12. The method of claim 11, wherein the determining of the first spectrum comprises:

performing a wavelet transform on the image at a first level among the plurality of levels; and

performing a wavelet transform on a low-frequency component determined through the wavelet transform at a previous level of a corresponding level, at each of remaining levels among the plurality of levels, excluding the first level.

13. The method of claim 11, wherein the plurality of patches comprises a patch representing a low-frequency component determined at a last level among the plurality of levels and patches representing high-frequency components determined at the remaining levels among the plurality of levels, excluding the last level.

14. The method of claim 13, wherein the denoising of the plurality of tokens comprises:

determining a token for the image by encoding the image; and

based on the token for the image, determining a token for the patch representing the low-frequency component and tokens for the patches representing the high-frequency components.

15. The method of claim 11, wherein the determining of the second spectrum comprises sampling the plurality of tokens into a predetermined number of tokens to perform denoising by performing cross attention on the plurality of tokens.

16. The method of claim 15, wherein the determining of the second spectrum comprises:

determining the plurality of denoised tokens by performing grid-sampling on the sampled tokens; and

determining the second spectrum based on the plurality of denoised tokens using a fully connected layer.

17. The method of claim 11, wherein the denoising of the plurality of tokens comprises denoising the plurality of tokens using a decoder comprising a plurality of diffusion transformer (DiT) blocks.

18. The method of claim 11, wherein the determining of the plurality of tokens for the plurality of patches comprises:

determining a patch size corresponding to each level based on a predetermined minimum patch size and each level number of the plurality of levels; and

segmenting each level of the first spectrum into the plurality of patches according to the corresponding patch size.

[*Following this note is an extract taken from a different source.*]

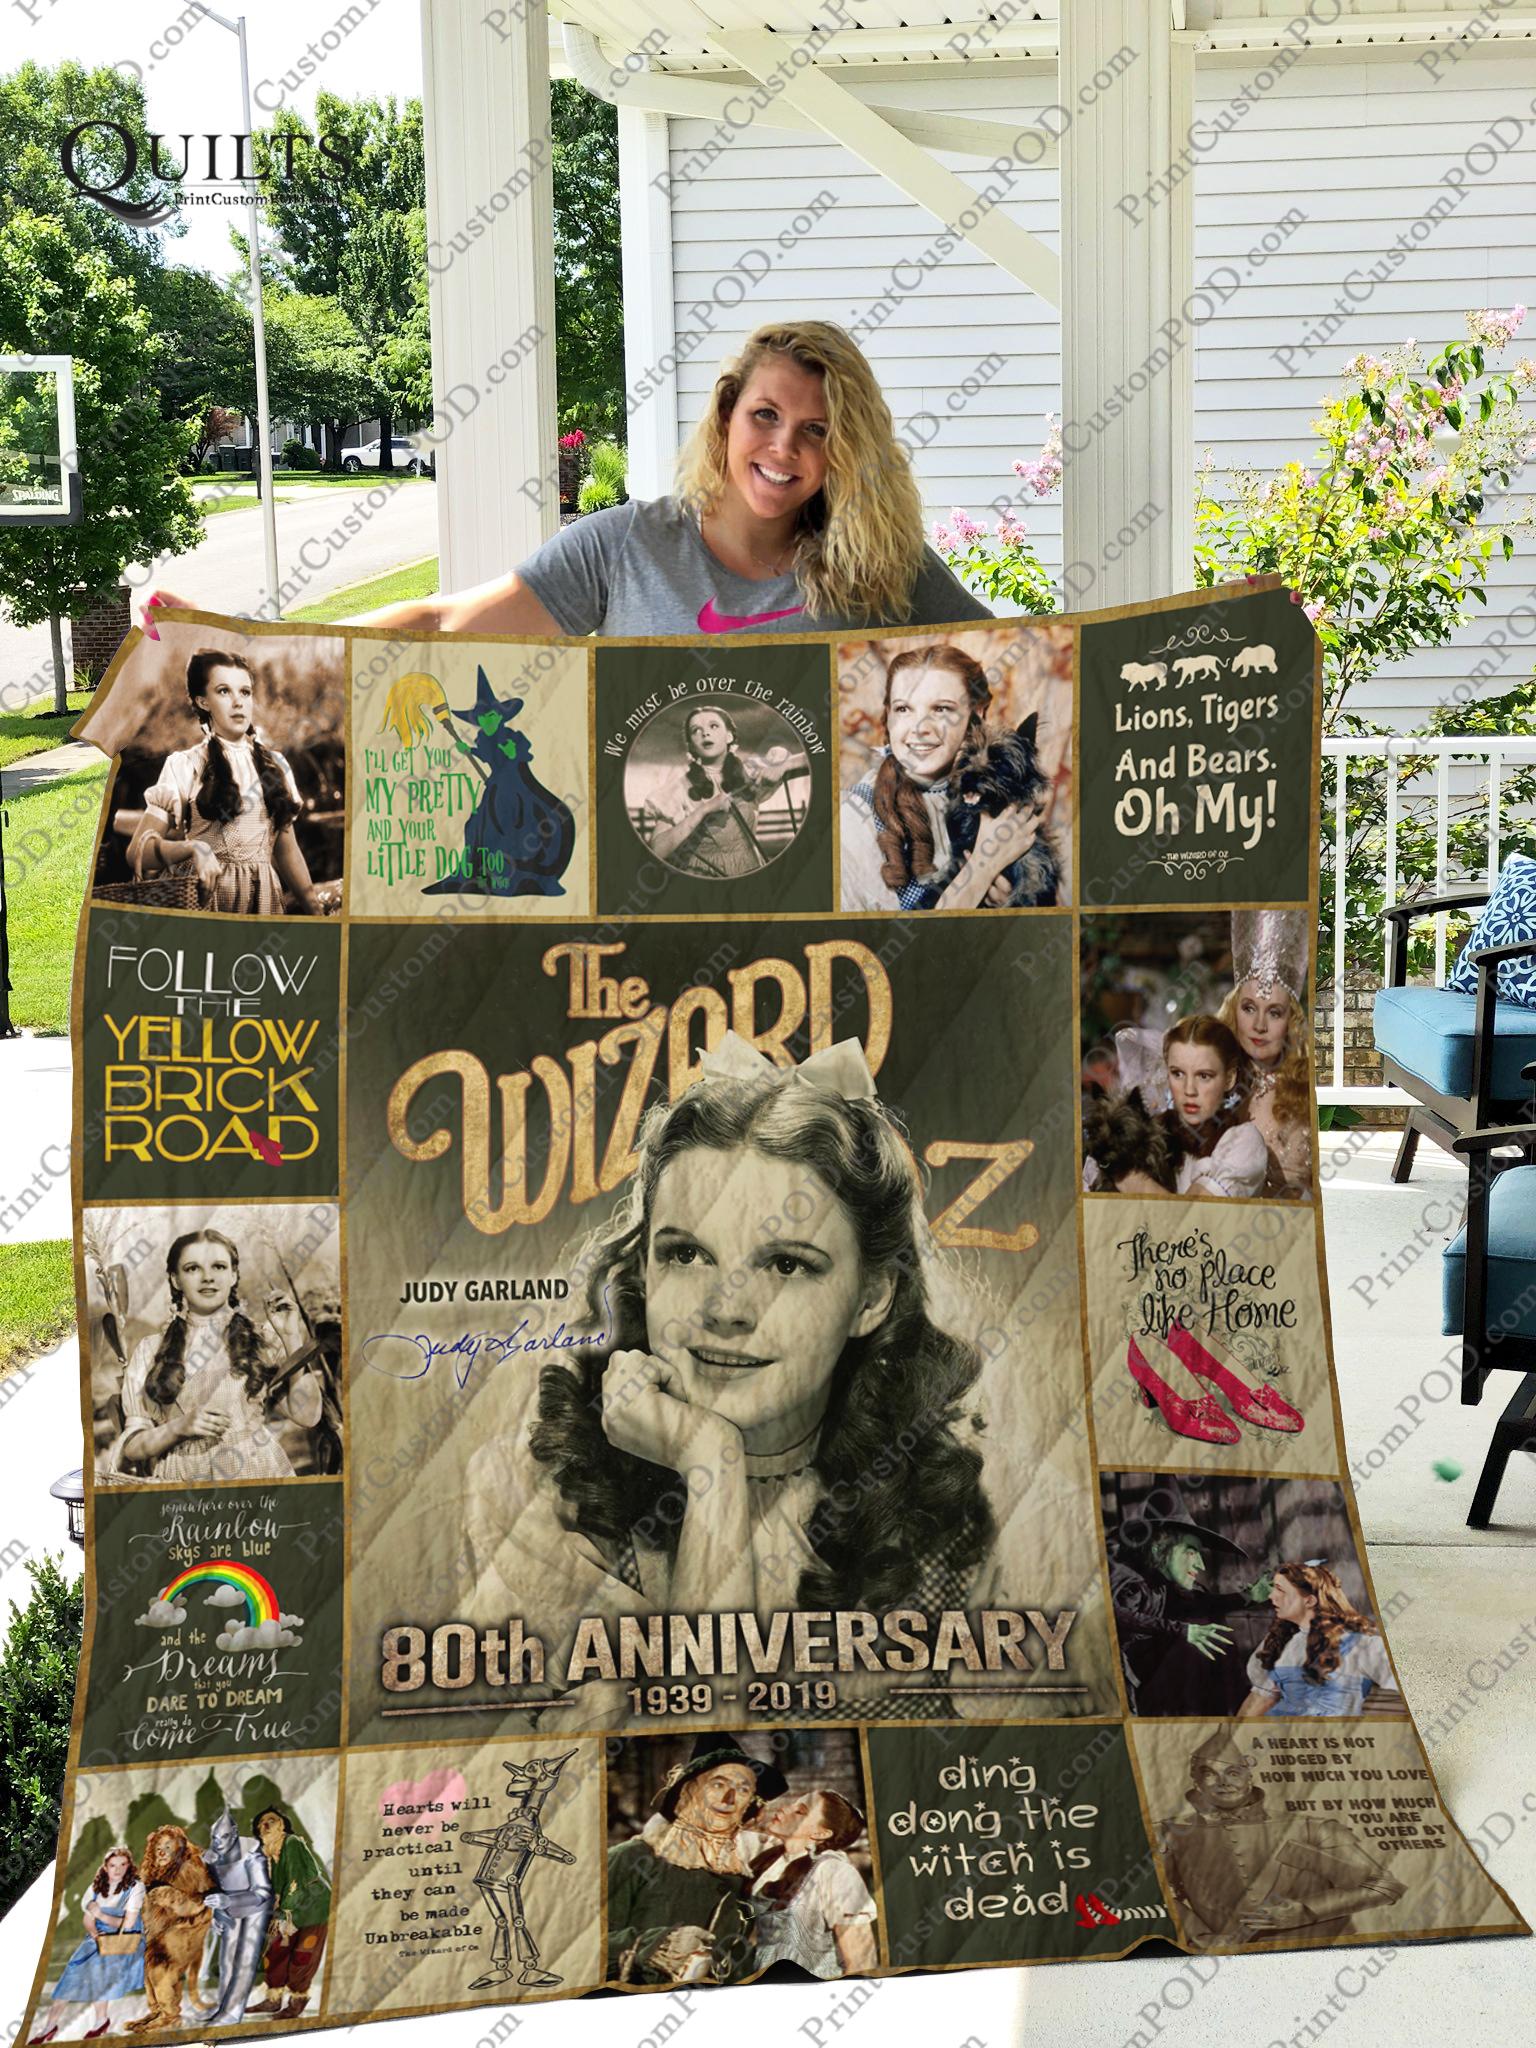 The wizard of oz judy garland 80th anniversary quilt - queen

19. The method of claim 11, wherein the determining of the plurality of tokens comprises encoding the plurality of patches based on a level number for a corresponding patch for each of the patches, a position of the corresponding patch within a corresponding level of the first spectrum, a position of the corresponding patch on a vertical axis, and a position of the corresponding patch on a horizontal axis.

20. A processor-implemented method comprising:

generating, using a wavelet transform, a low-frequency component and a high-frequency component of an image;

performing, based on a low-resolution (LR) image, denoising on tokens respectively corresponding to the low-frequency component and the high-frequency component;

generating, based on the denoised tokens, a low-frequency component and a high-frequency component of a high-resolution (HR) image; and

generating, using an inverse wavelet transform, the HR image based on the low-frequency component and the high-frequency component of the HR image.